Action item — Print each line below verbatim, skipping every picture.

Given data —
════════
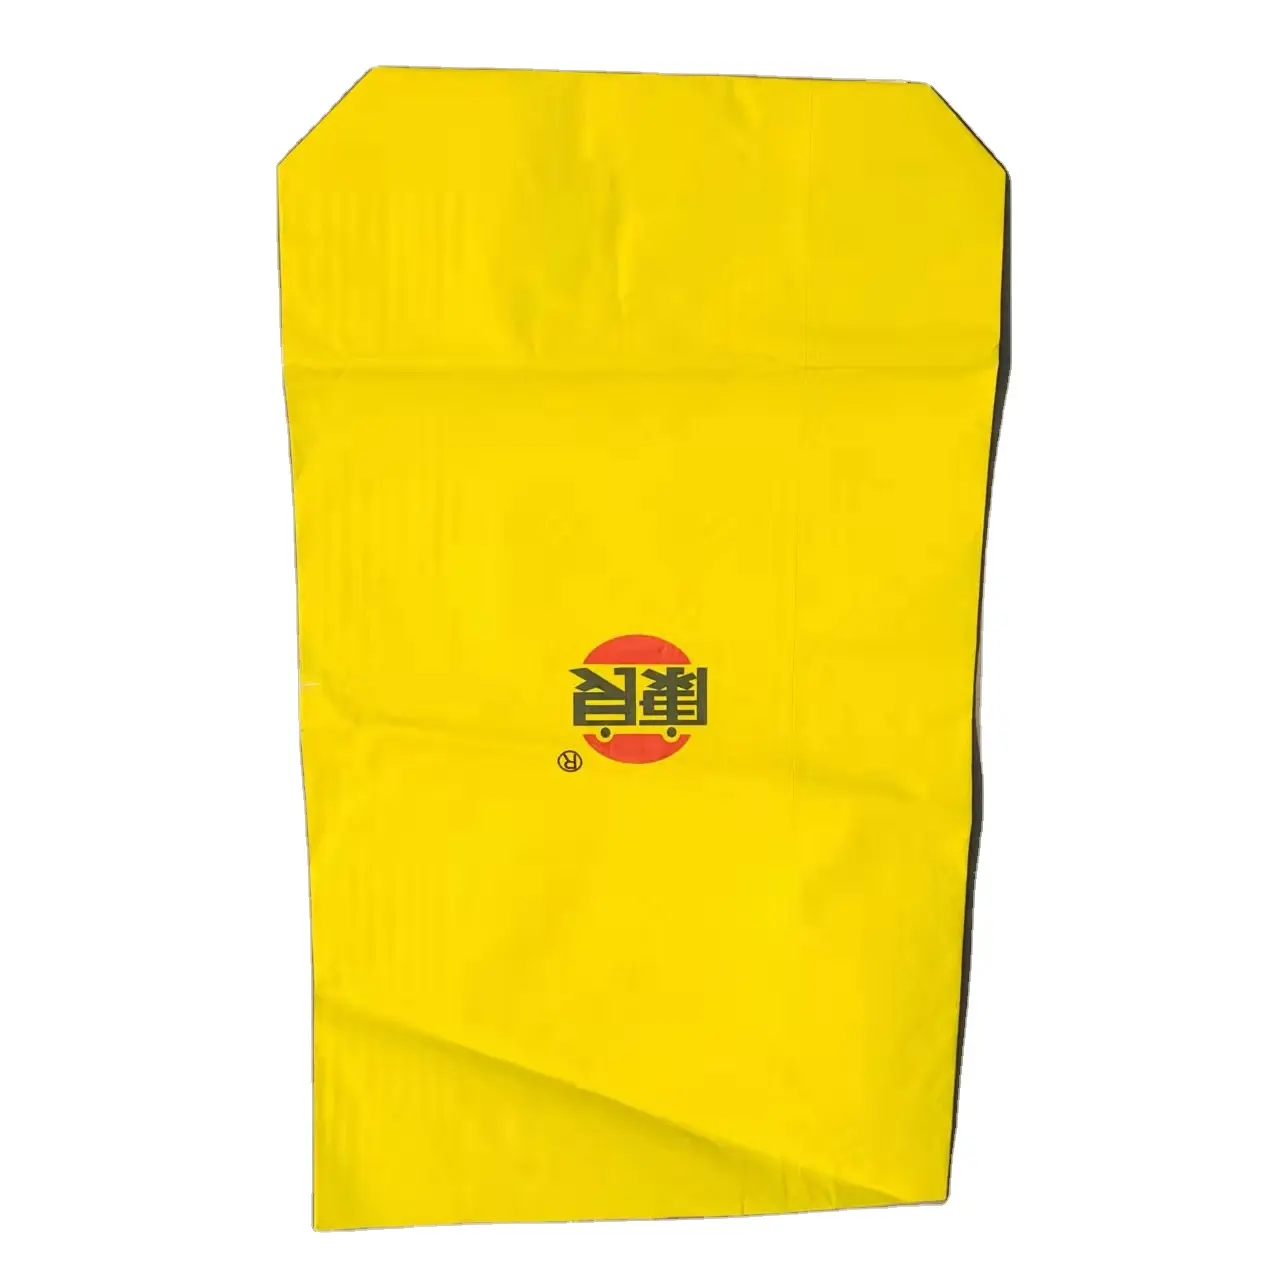 Neue Fancy Design Popcorn Verpackung Taschen Snack Papiertüte
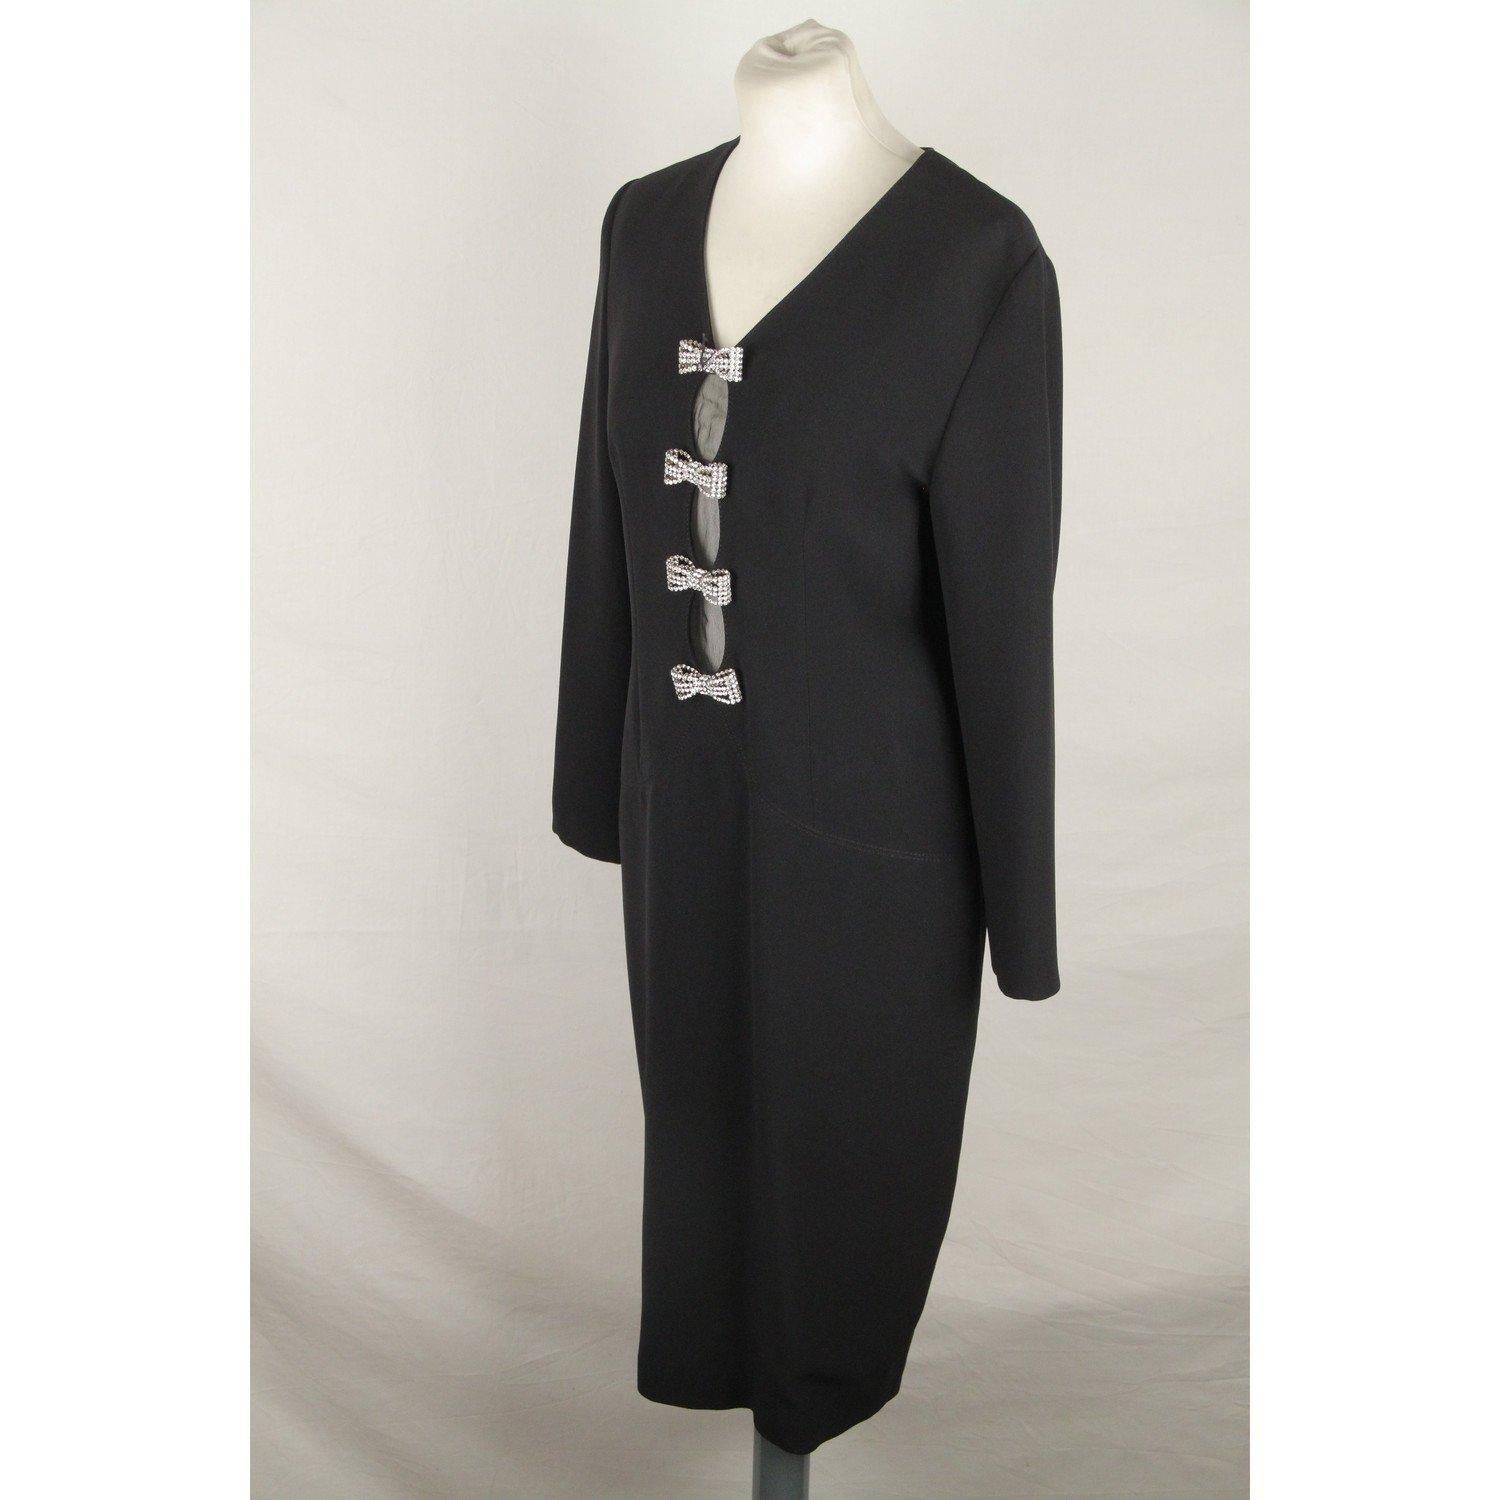 GAI MATTIOLO COUTURE Vintage Black LONG SLEEVE DRESS Size 44 2
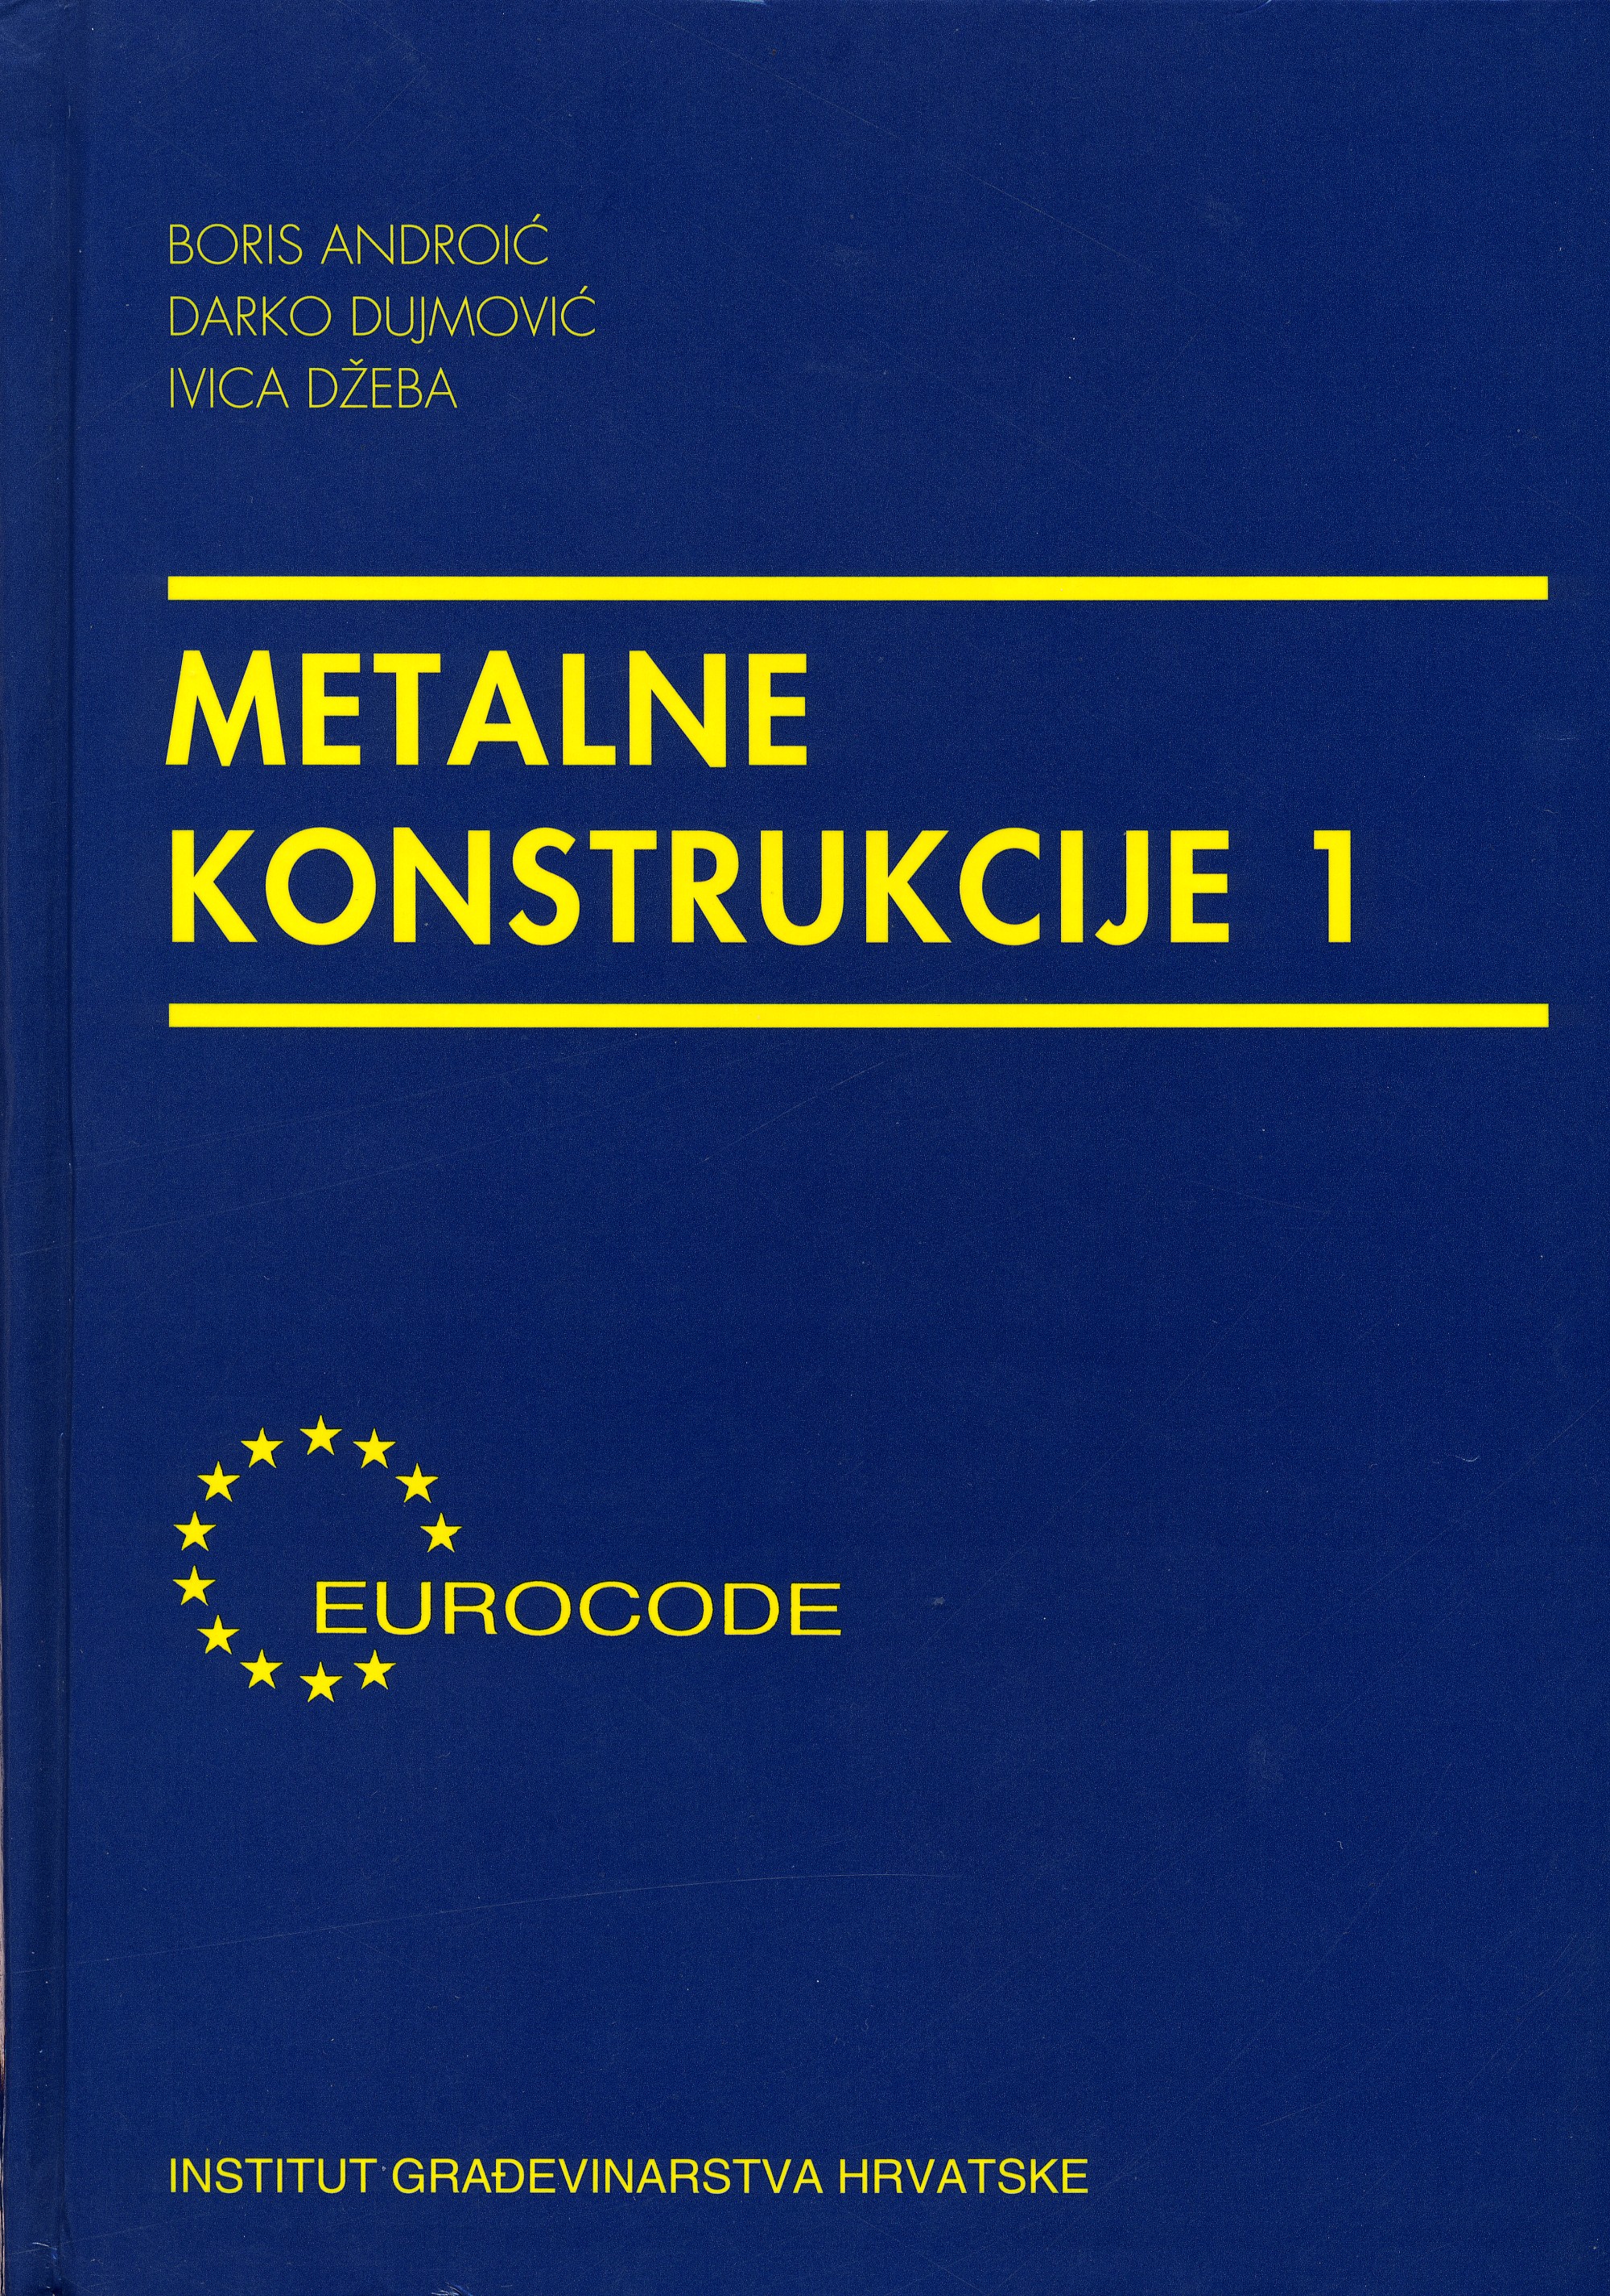 metalne kostrukcije 1 -knjiga
════════
Response for this exercise —
 Neue Fancy Design Popcorn Verpackung Taschen Snack Papiertüte
 GAI MATTIOLO COUTURE Vintage Black LONG SLEEVE DRESS Size 44 2
 metalne kostrukcije 1 -knjiga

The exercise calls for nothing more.